Since the app proc uses instance variables, we can change them in the assertions even after the setup has been run.

Here is the assertion now:

def test_index_page_returns_404
  @response_status = 404
  assert_equal "Projects page returned HTTP '404' - Is the site down? Check the URL given?", run_scraper
end

Et voilà, we get an expected failure:

1) Failure:
TestScraper#test_index_page_returns_404 [./test:47]:
--- expected
+++ actual
@@ -1 +1 @@
-"Projects page returned HTTP '404' - Is the site down? Check the URL given?"
+""

Of course, we didn’t yet implement this specific error message. Let’s become more user-friendly:

abort("Projects page returned HTTP #{status} - Is the site down? Check the URL given?") if index.nil?

You will also notice we’ve added another little detail – we’re now exiting with a proper UNIX error code, via the #abort method.
Not only does this save us from unnecessarily deep nesting in the script, it also lets us play nice with other programs.

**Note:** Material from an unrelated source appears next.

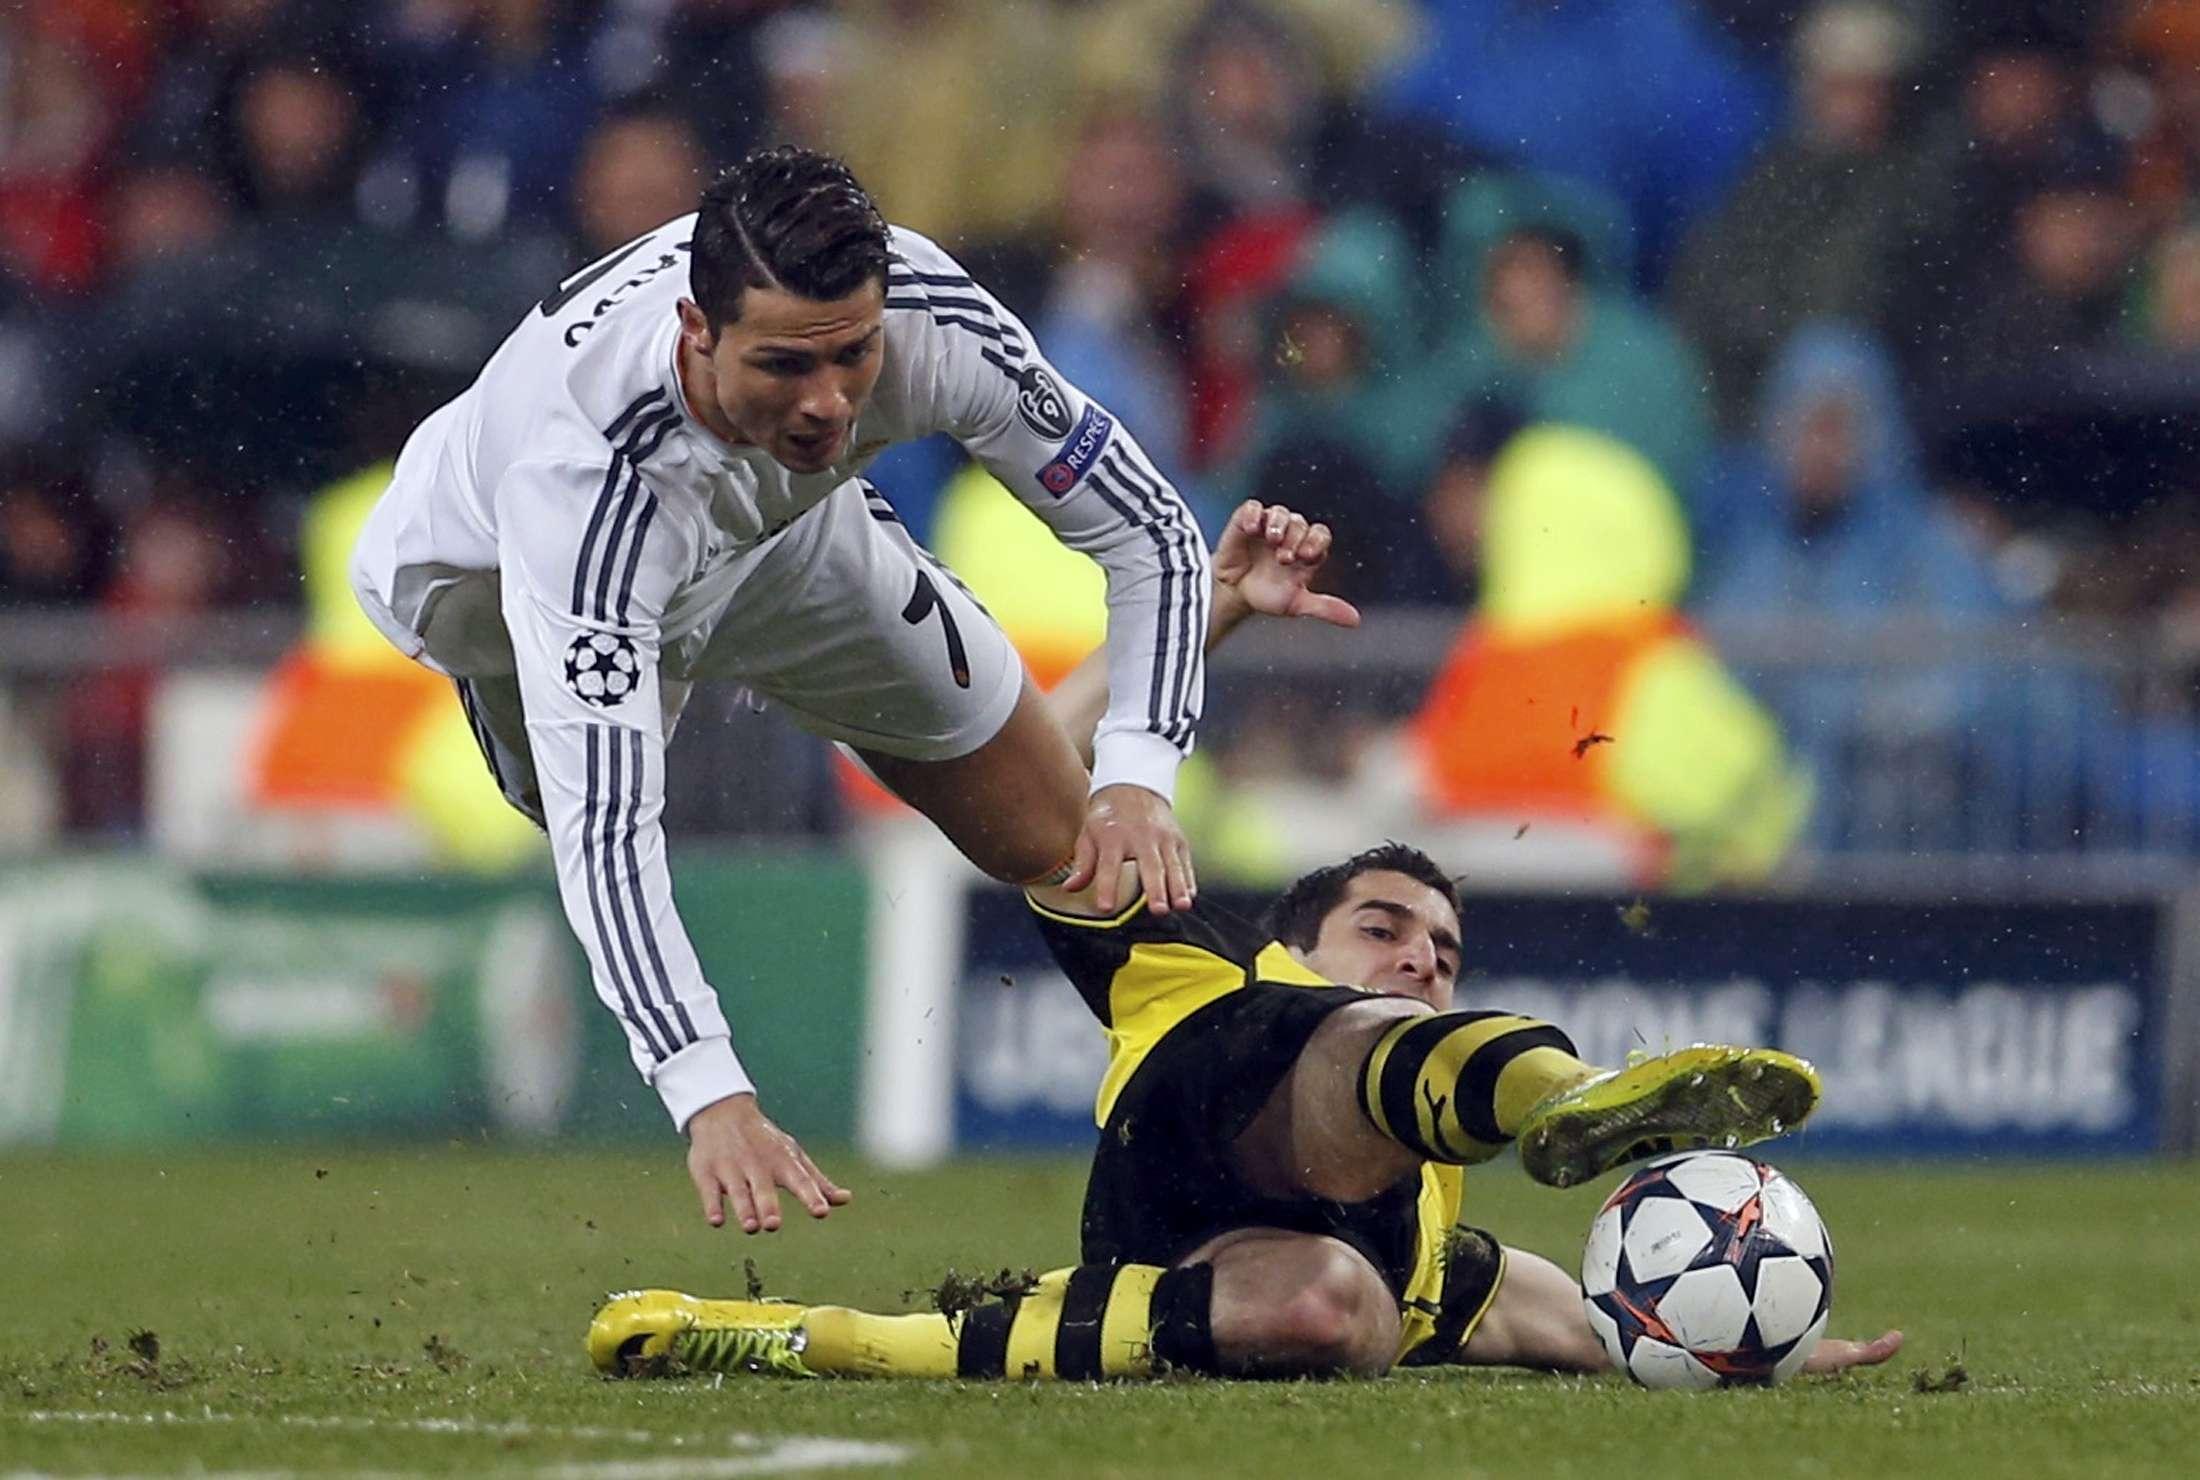 Lesão deve tirar Cristiano Ronaldo de final contra Barça

Here is a guide I’ve used to brush up on Ruby exit codes: https://www.honeybadger.io/blog/how-to-exit-a-ruby-program/

Thanks to this guide we now know that we should also be using stderr instead of the usual stdout to print error messages. Luckily, #abort already does this for us.

Oh, but when running the test, we get no output at all:

4) Failure:
TestScraper#test_index_page_returns_404 [./test:47]:
--- expected
+++ actual
@@ -1 +1 @@
-"Projects page returned HTTP '404' - Is the site down? Check the URL given?"
+""

Ah yes, we knew from the guide about shelling out that the `backticks` don’t capture stderr…two steps forward, one step back 🙂

Some more googling later:

https://www.honeybadger.io/blog/capturing-stdout-stderr-from-shell-commands-via-ruby/

Two articles from Honeybadger in a row, these guys are helping us out today 🙂

So, now we know how to run a subshell properly, and capture everything we want to know:

def run_scraper
  (...)
  stdout, stderr, status = *Bundler.with_original_env do
    Open3.capture3(command)
  end
  [stdout.strip, stderr.strip, status]
end

assert_equal "No projects found, has the site changed? Check the URL given?", run_scraper[1]

Hah! This is much better, and also allows us to get at the exit code (now that it means something).

However, while I think it’s a good interface to return an array of results from the run_scraper method (they all belong together semantically), the access via the brackets [1] seems iffy to me – you can’t tell from looking at this what we’re trying to access there.

How about we wrap the result in a hash and then access it like so: run_scraper[:stderr]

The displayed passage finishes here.